Офицер ушел в горницу, побрился, вытерся одеколоном, тщательно сделал пробор в рыжих волосах, посмотрел в походное зеркало, закурил сигару. Походил по комнате. Подошел к окну, прислушался: будто далекие, ослабленные расстоянием выстрелы? Еще прислушался — ничего.
Это был боевой, считавшийся храбрым, немецкий офицер. Когда шли в атаку широкой цепью, он шел позади и стрелял в солдат, если они начинали отставать, а стрелок он был отличный. Перед ним шла вторая шеренга, но коротенькая — она прикрывала его. Ему везло: до сих пор и ранен не был.
Офицер позвонил в походный пружинный звонок. В горницу вскочил денщик, вытянулся и покорно уставился собачьими глазами. Офицер молча сделал знак.

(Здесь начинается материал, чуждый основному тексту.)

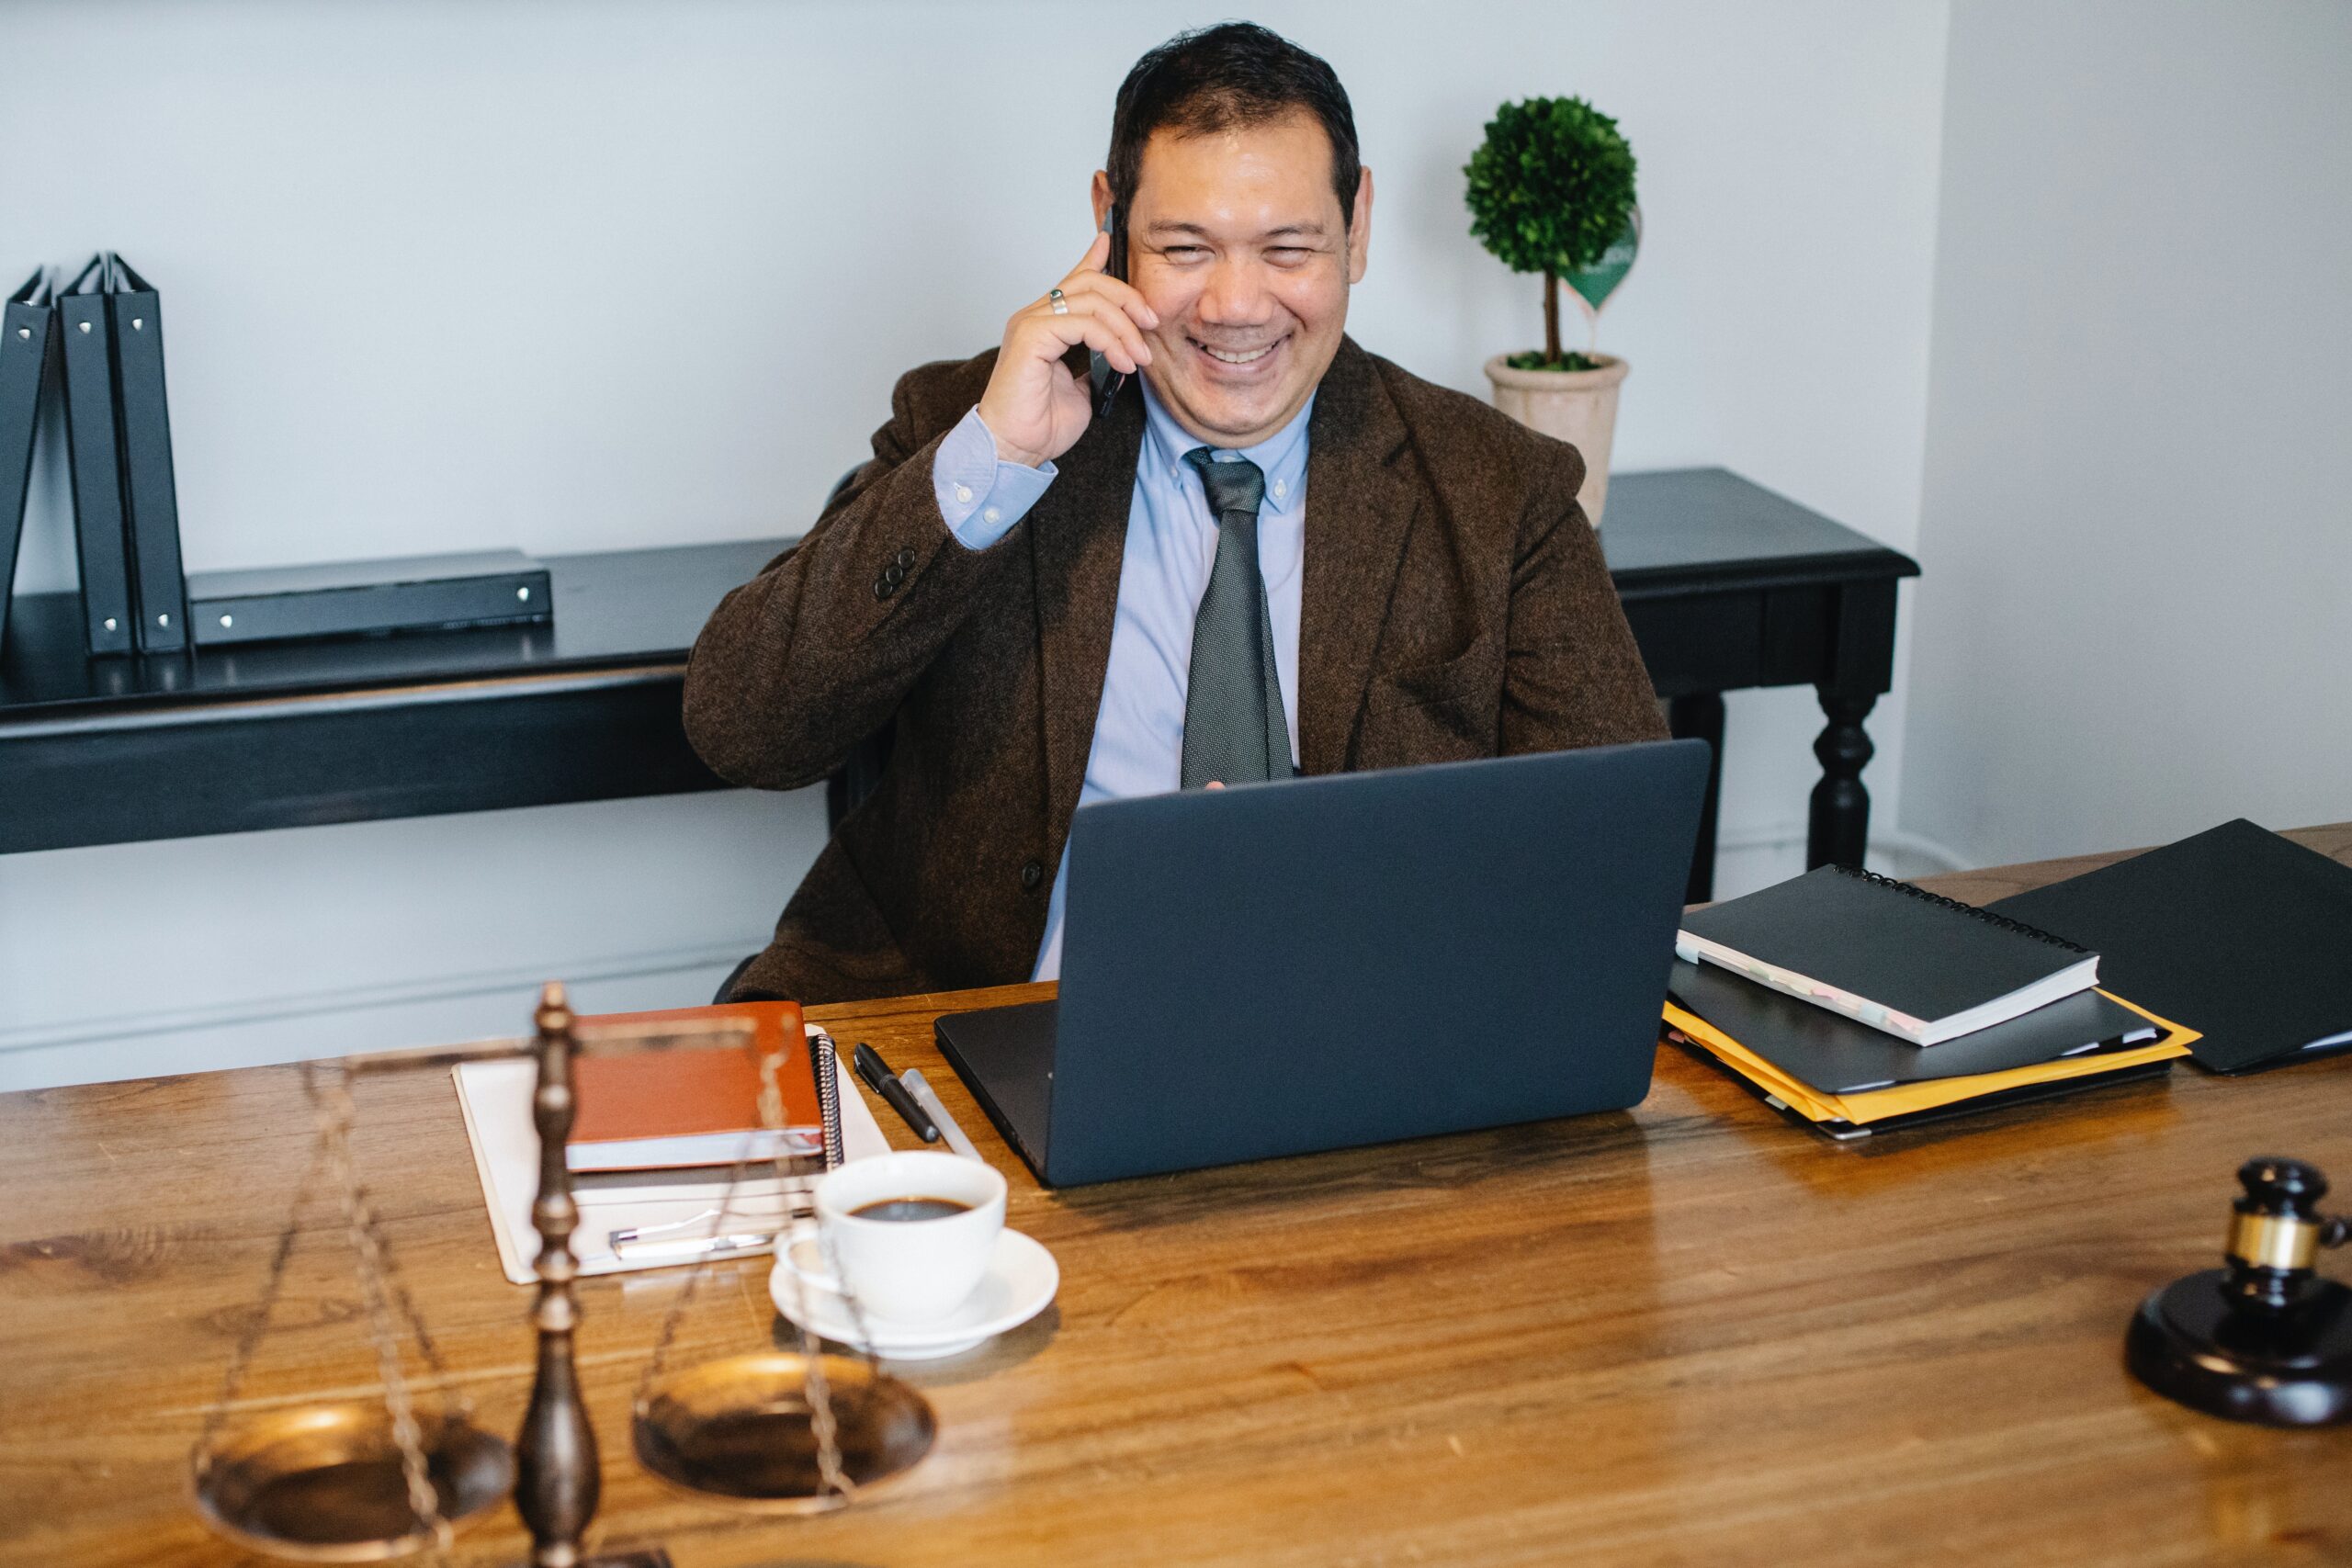 Man smiling while on sitting at desk and talking on the phone

Денщик покрыл стол маленькой вышитой скатеркой, достал из погребца вина, закусок, аккуратно расставил и исчез. Около крыльца началась борьба: шестнадцатилетняя отбивалась, как могла, плевала в лицо, била ногами, кусалась. Солдаты внесли ее в горницу и вышли. В горнице началась снова борьба.
Взбешенный голос офицера:
— О, русский девка!.. Шволочь!
Пистолетный выстрел… Все успокоилось. Денщики насторожились. Звонок. Солдат кинулся и через минуту выволок за ноги оголенную девушку. Когда тащил, голова мертвой билась по ступеням, разбрызгивая кровь.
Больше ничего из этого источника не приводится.